**TASK PROMPT**
Look for the line containing "Grass on sand" and the line containing "Black Panther Logo cover image." in the entries below. Copy those two and all lines between them exactly, leaving out pictures.

**DATA TO EXAMINE**
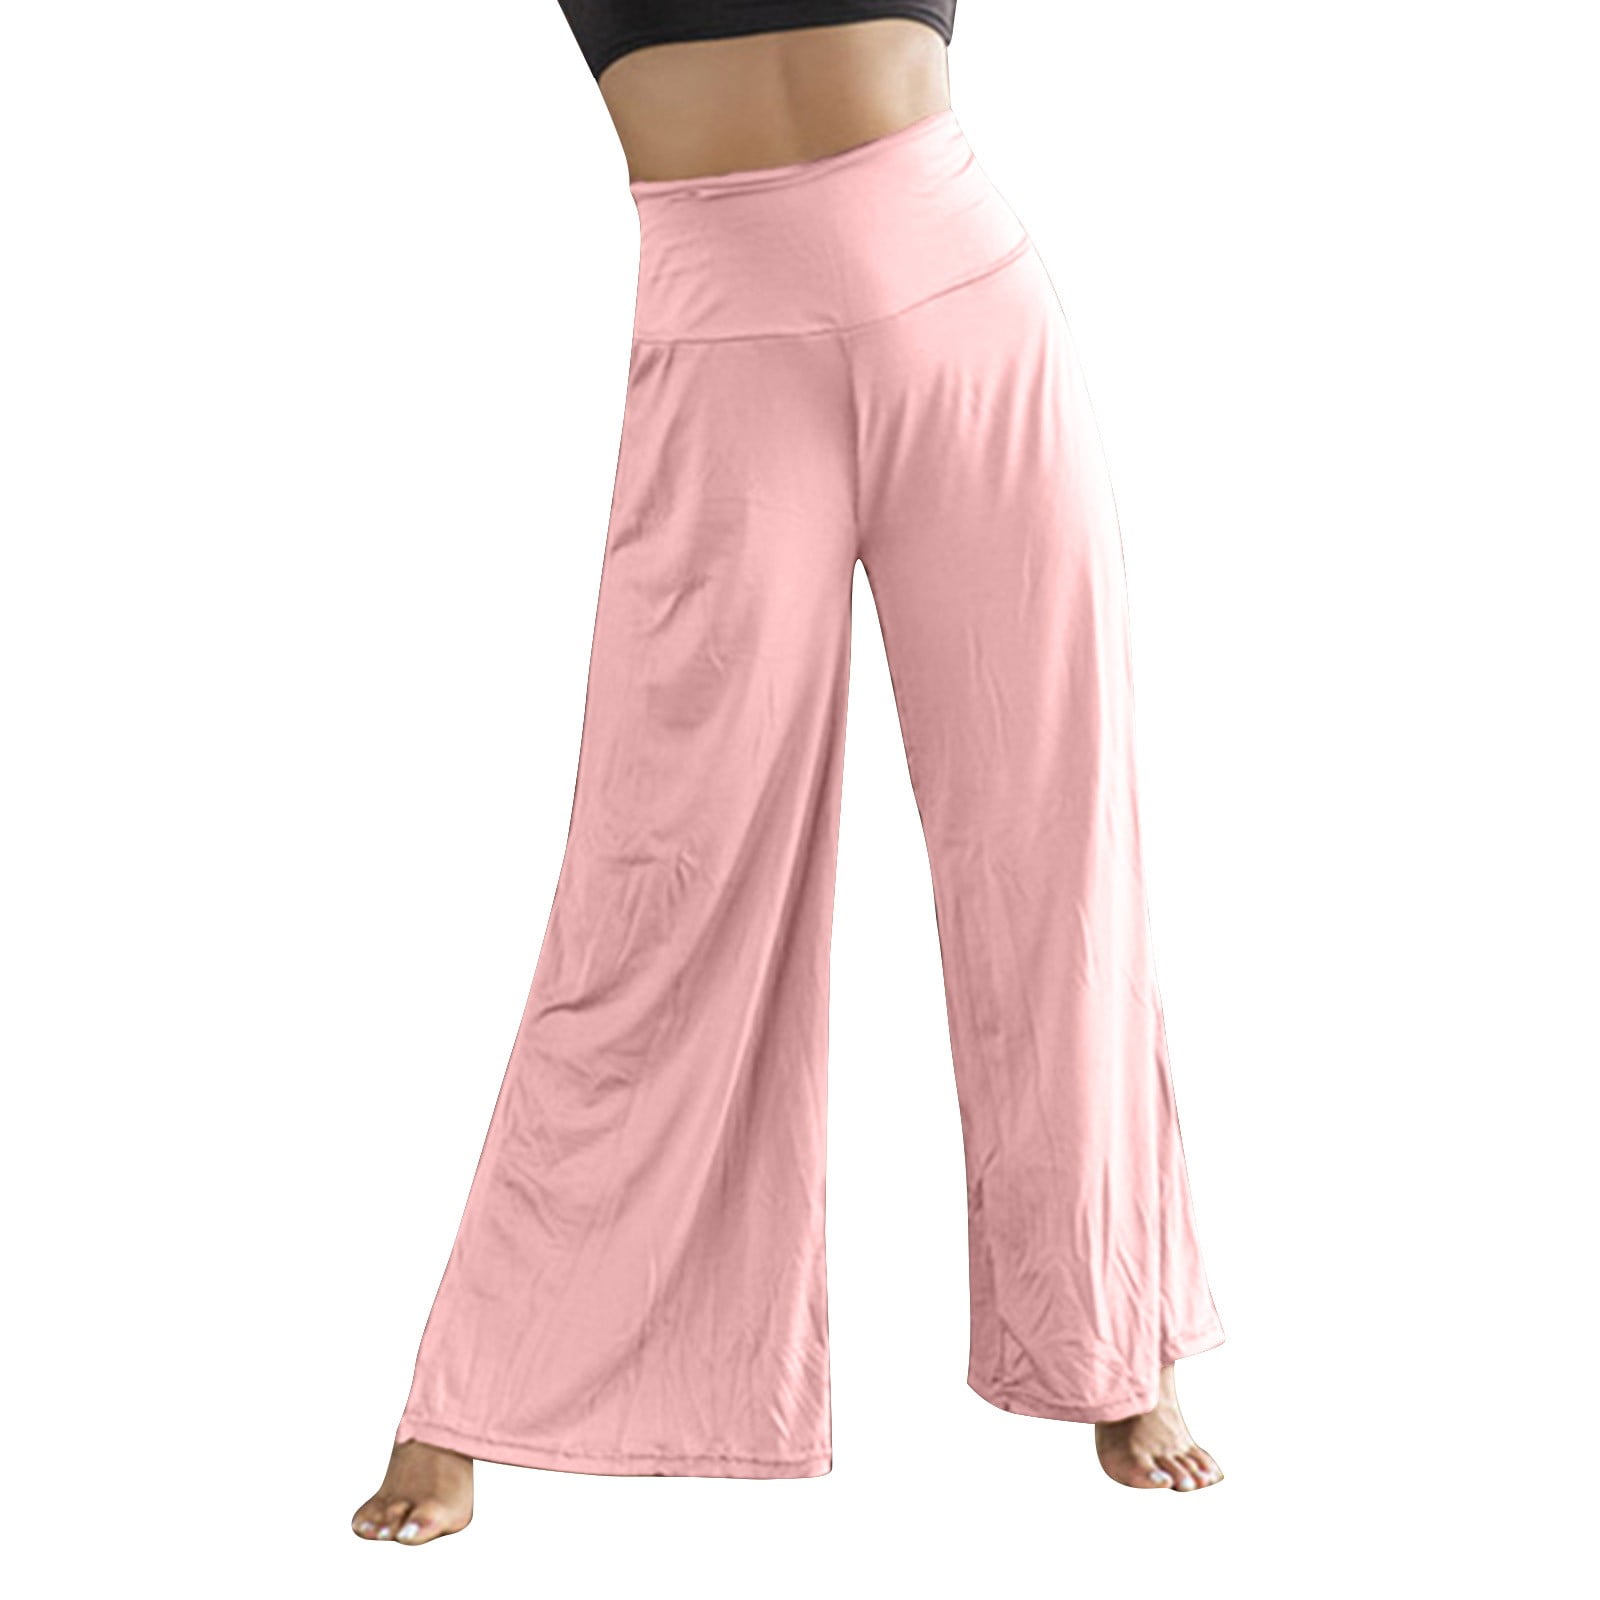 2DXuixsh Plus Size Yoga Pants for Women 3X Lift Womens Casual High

--

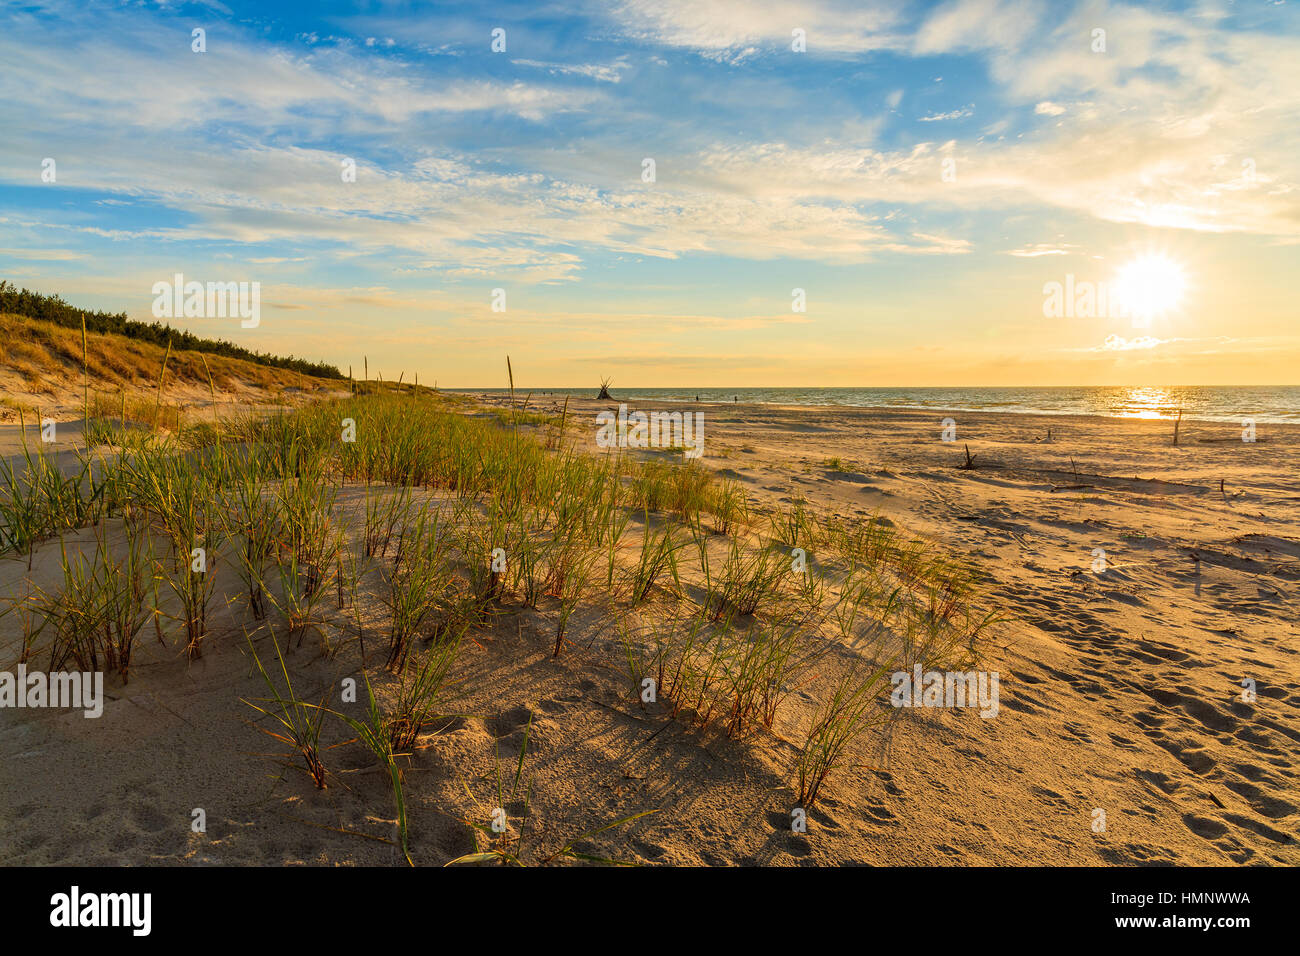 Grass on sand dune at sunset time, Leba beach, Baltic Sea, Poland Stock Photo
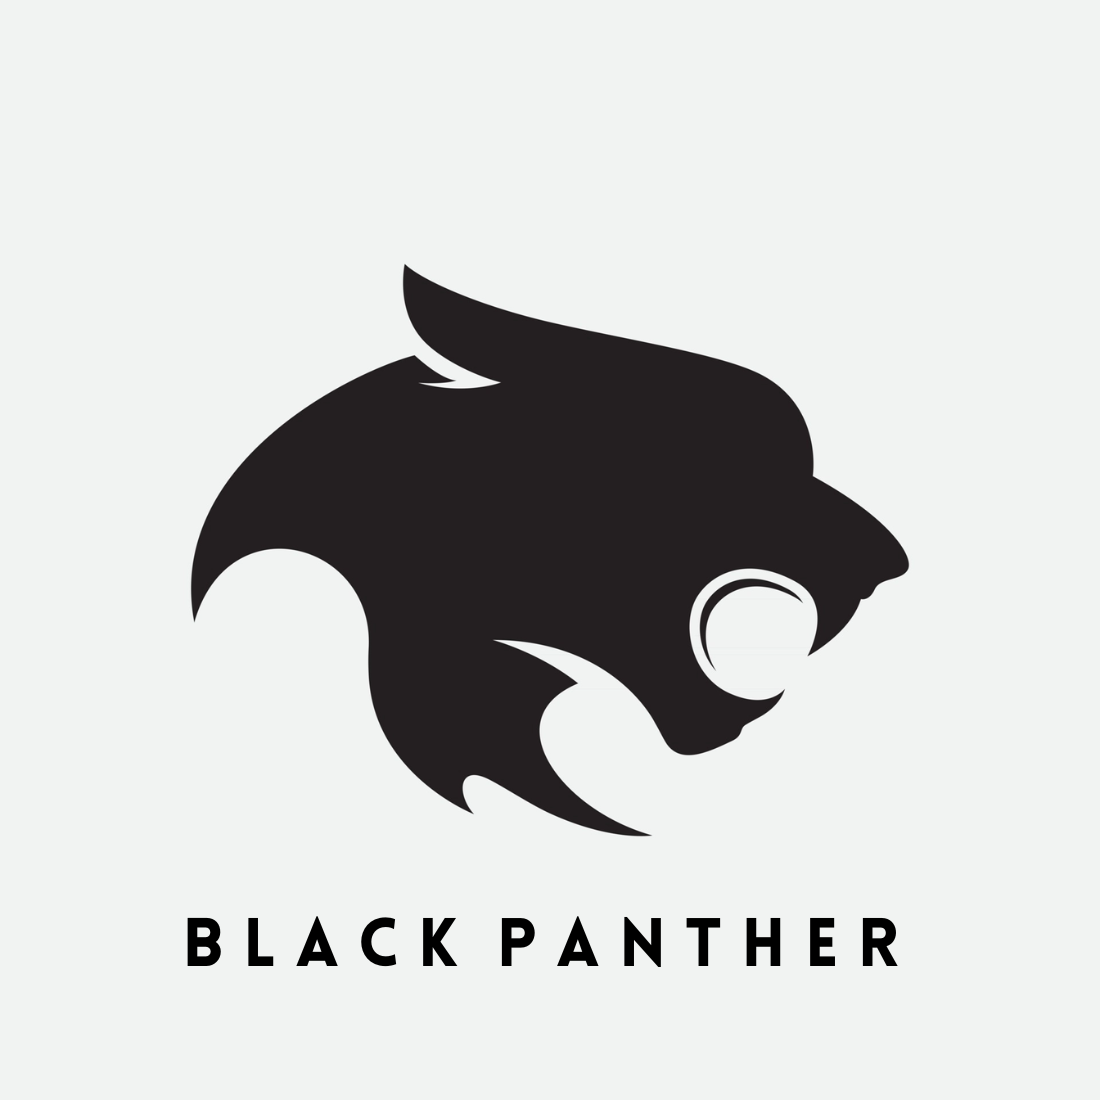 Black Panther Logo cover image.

**ANSWER TO THE EXERCISE**
 Grass on sand dune at sunset time, Leba beach, Baltic Sea, Poland Stock Photo
 Black Panther Logo cover image.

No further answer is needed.